Whether it’s refreshing or full rebranding, Voice has applied its decades of experience to many brands, including Frucor Suntory (formerly Frucor Beverages), Aunt Jean’s Dairy and O-I Glass.

Branding works because it literally changes what people think of a product, explains Sagar.

“Think of how Lewis Road Creamery redefined the value of milk and dairy products, or how Whittakers made their chocolate the true chocolate of chocolate lovers. Both brands work well because they establish value and values. They speak for the product before a consumer even tastes it.”
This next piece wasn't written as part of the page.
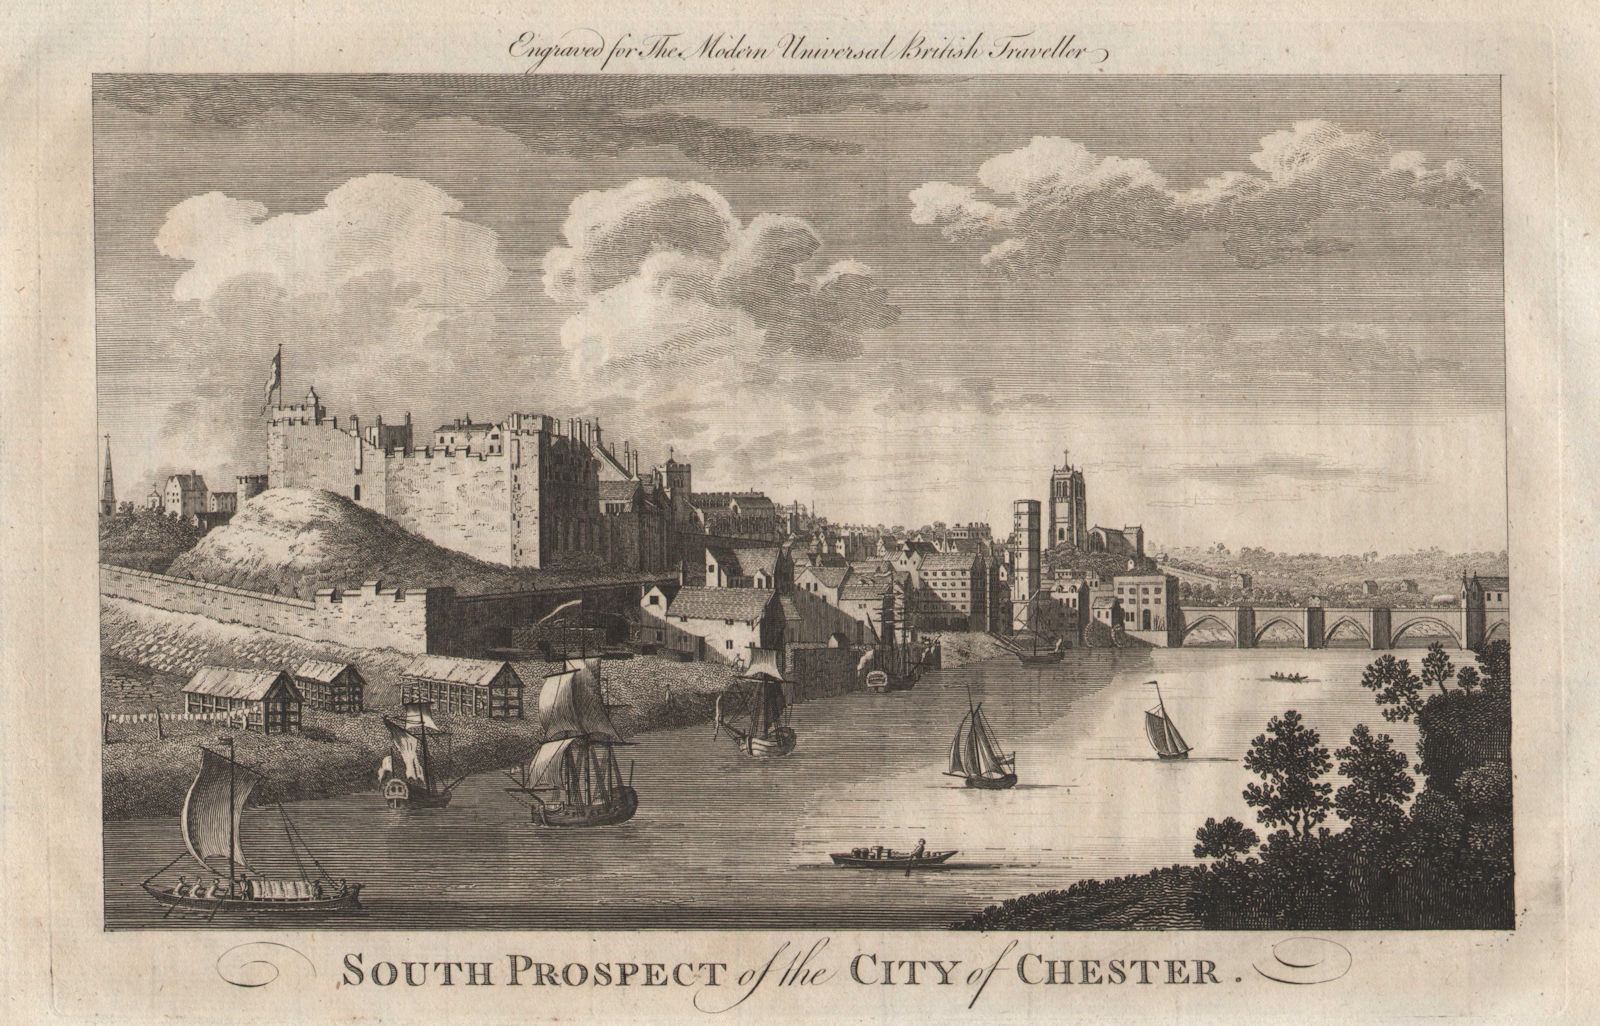 South prospect of the city of Chester. Cheshire. BURLINGTON 1779 old print

The recent Nike ad ‘Believe in something even if it means sacrificing everything’ is another example of work that has a strong point of view and makes a difference, adds Sagar.

“Again, Nike reminds us of their brand’s soul and purpose, a lesson to us all in this often unauthentic ‘instagram’ age about why we have brands and the value of authenticity.

“The brands listed above, as well as brands we’ve worked with like Property Brokers and Aunt Jean’s Dairy, represent excellence in branding via their authenticity which is genuine, and comes from the client.”